COVID-19 advisory signage hangs to the entrance of a storefront in Aurora, March 24, 2020. Photo by Philip B. Poston/Sentinel Colorado

AURORA | In the midst of daunting budget talks, City of Aurora Budget Manager Greg Hays proposed a mock drinking game for city council members Tuesday night.

“Anytime I use the term ‘uncertain,’ you have to drink,” Hays said in jest.

But Hays’ quip illustrated the underlying challenges city lawmakers face in steering the city through financially troubled waters amid the pandemic crisis: uncertainty. 

City manager Jim Twombly submitted a $918 million 2021 city budget proposal Tuesday that would carry Aurora’s government through 2021 — and an ongoing pandemic — with some “tough decisions” to balance the budget. City planners are also looking at new ways to shore up cash. 

The city’s operating budget would decline by about 2% from about $653 million to $640 million. City council is slated to approve the final budget in October.

Despite widespread calls to “defund the police,” the proposed cuts don’t touch the fire or police departments.

But, for many other city functions, the budget talks have ushered in a lean period. 

COVID-19 and the accompanying business restrictions slammed Aurora in the spring. In 2020, the city’s general fund faced a $26 million shortfall. Budget planners coped with the gap by instituting a hiring freeze and capital spending reductions. 

In total, revenue to the city’s general fund is projected to drop from $370 million in 2019 to $352 million by the end of 2020. General sales taxes could decline from about $203 million last year to a projected $191 million during 2020, according to the city’s budget document. Lodger’s taxes, levied at hotels, have also fallen. 

For 2021, Twombly and his deputies were able to balance the 2021 budget with some expectations of slight revenue increases. City government partnered with researchers at the Leeds School of Business at the University of Colorado Boulder to estimate the state of the economy through next year. 

Hays said Tuesday that, when trying to predict how the economy will look in future months and years, “uncertainty” is the name of the game. It’s unclear whether a vaccine will debut or whether another surge of snow or COVID-19 will keep people away from storefronts and restaurants. 

In any event, Twombly’s proposal involves spending cuts. Employees would have to weather a pay freeze and benefits freeze. Together, those measures would save about $8 million. 

In the Aurora police department, officials wouldn’t hire an additional 15 officers, saving about $2 million. 

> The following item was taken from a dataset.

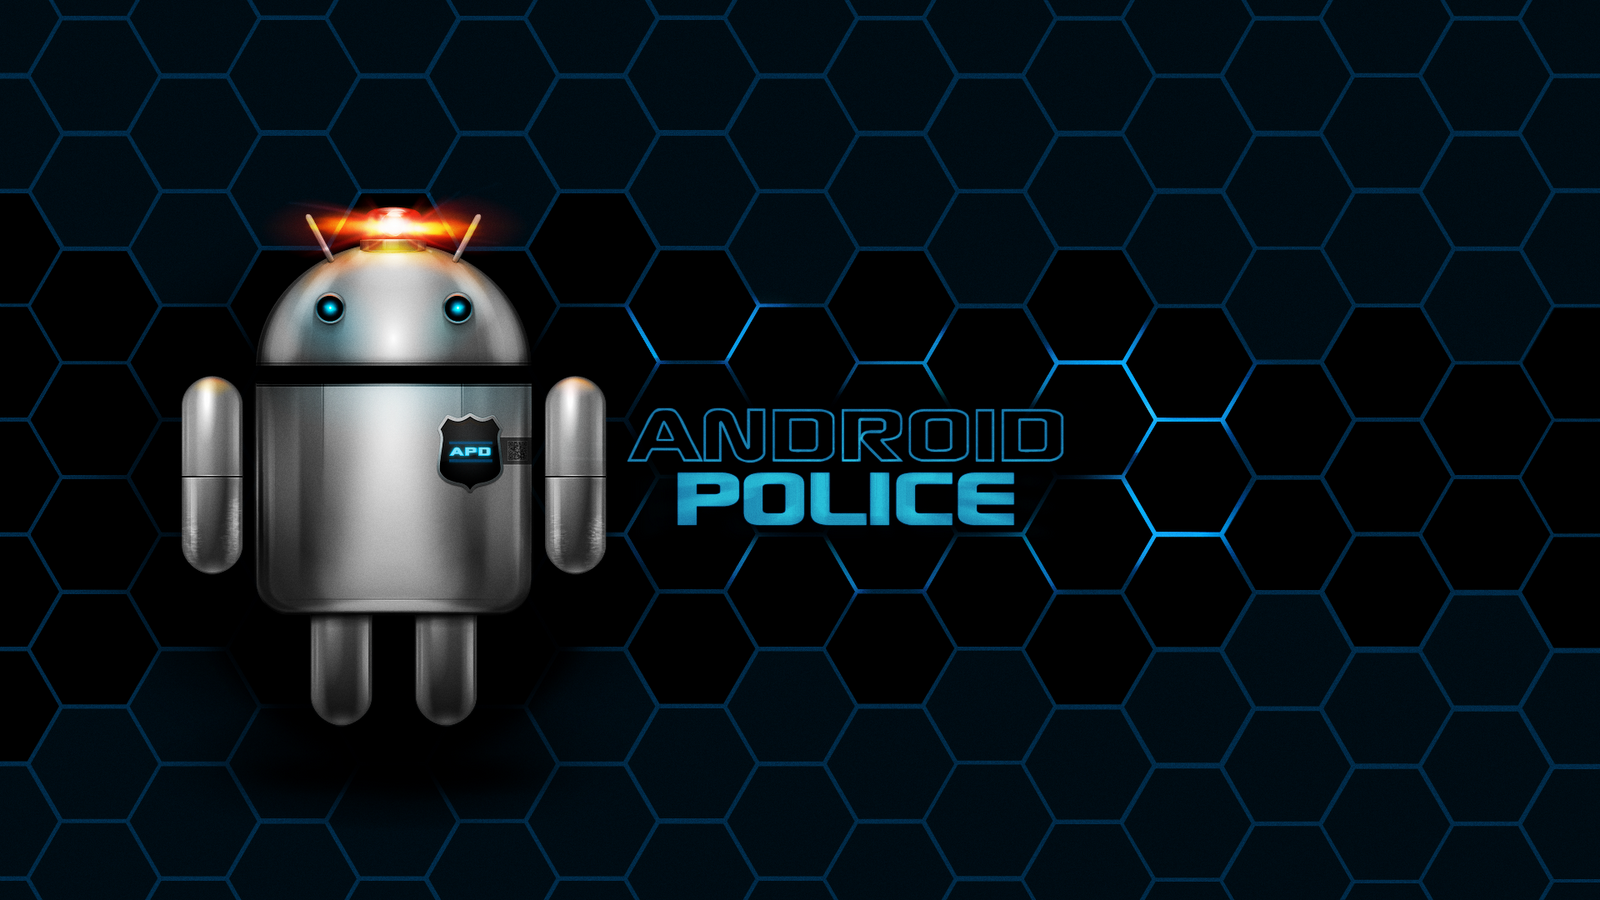 Robot Police Wallpaper 1600x900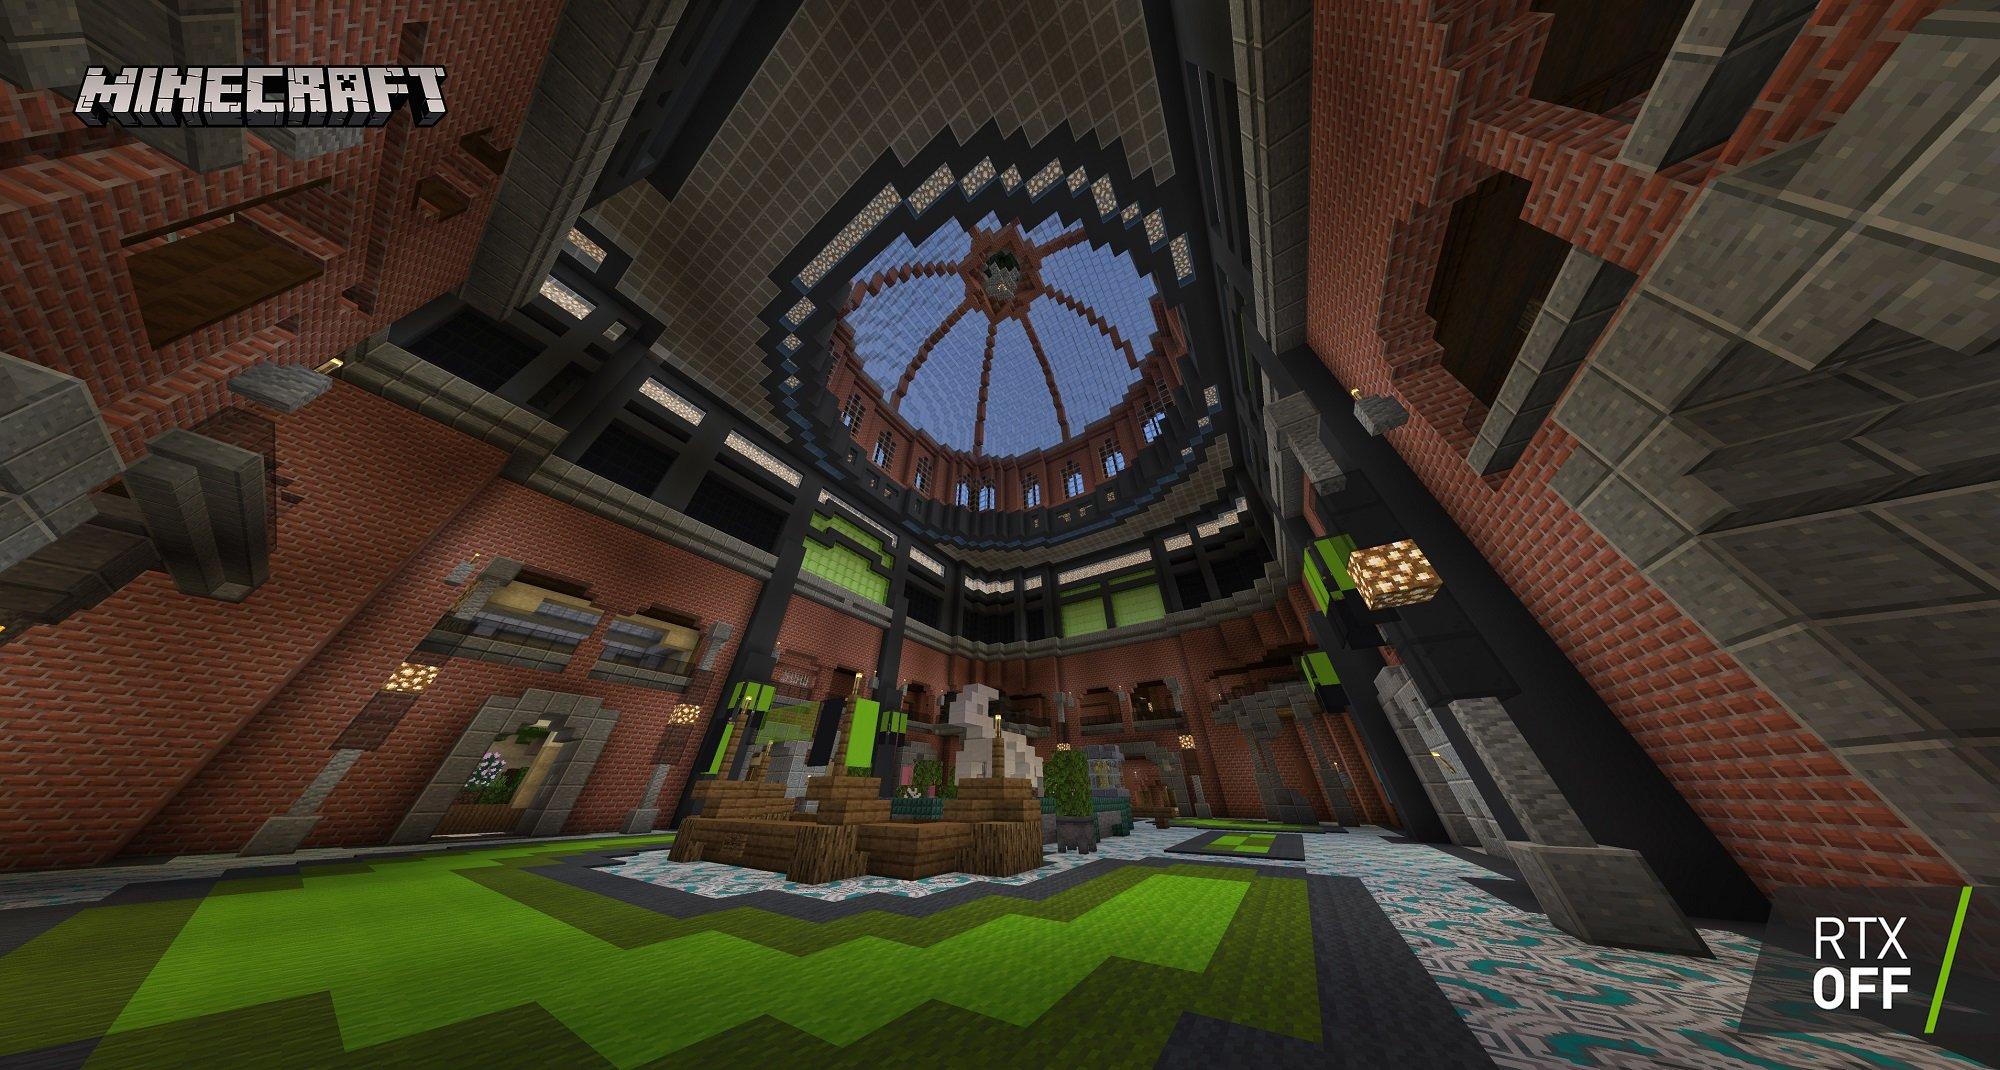 minecraft with rtx beta razzleberries texture showcase 003 rtx off

However, cops fresh from police academies are replacing those who retire or quit the department. And funding for APD — the largest share of the city’s $360 million general fund — will be largely unchanged, in the coming years, Twombly said. 

The city will fund the Aurora Police Department with more than $129 million in 2021, up from about $128 million this year. 

Activists nationwide and in Aurora have demanded that the Aurora Police Department be “defunded,” or recalibrated, after the death of Elijah McClain, a black massage therapist, days after an encounter with police and paramedics last year. 

In the proposed budget, Aurora Fire Rescue will remain at its current funding level.

Other departments have already taken cuts or will likely see them next year. 

The public defender division, representing low-income residents in court, reduced its staff by 10% in 2020. That department is slated to receive much-needed CARES Act dollars, said Chief Public Defender Douglas Wilson. 

The Library and Cultural Services division would see a cut from an original $10 million budget in 2020 to about $9.1 million next year. Parks and Recreation plans to put off new projects for a few years. 

But this year, federal CARES Act money arrived in Aurora coffers this year by way of Adams and Arapahoe counties, contributing almost $34 million to the city. Those dollars were spent on everything from masks and gloves to small business lifelines, rental assistance programs and the city’s quarantine hotel for homeless people, which closed last week. 

One big beneficiary of federal funds is the city’s Housing and Community Development department. The office is expected to pull in more than $5 million in federal grants to advance expanded, pandemic-era safety net programs.

Jessica Prosser, the city’s community development manager, said those dollars will help advance programs sending staff to homeless encampments and helping Aurorans pay rent. 

Twombly said that, although his team submitted a balanced budget for 2021, the outlook for the following years is more grim.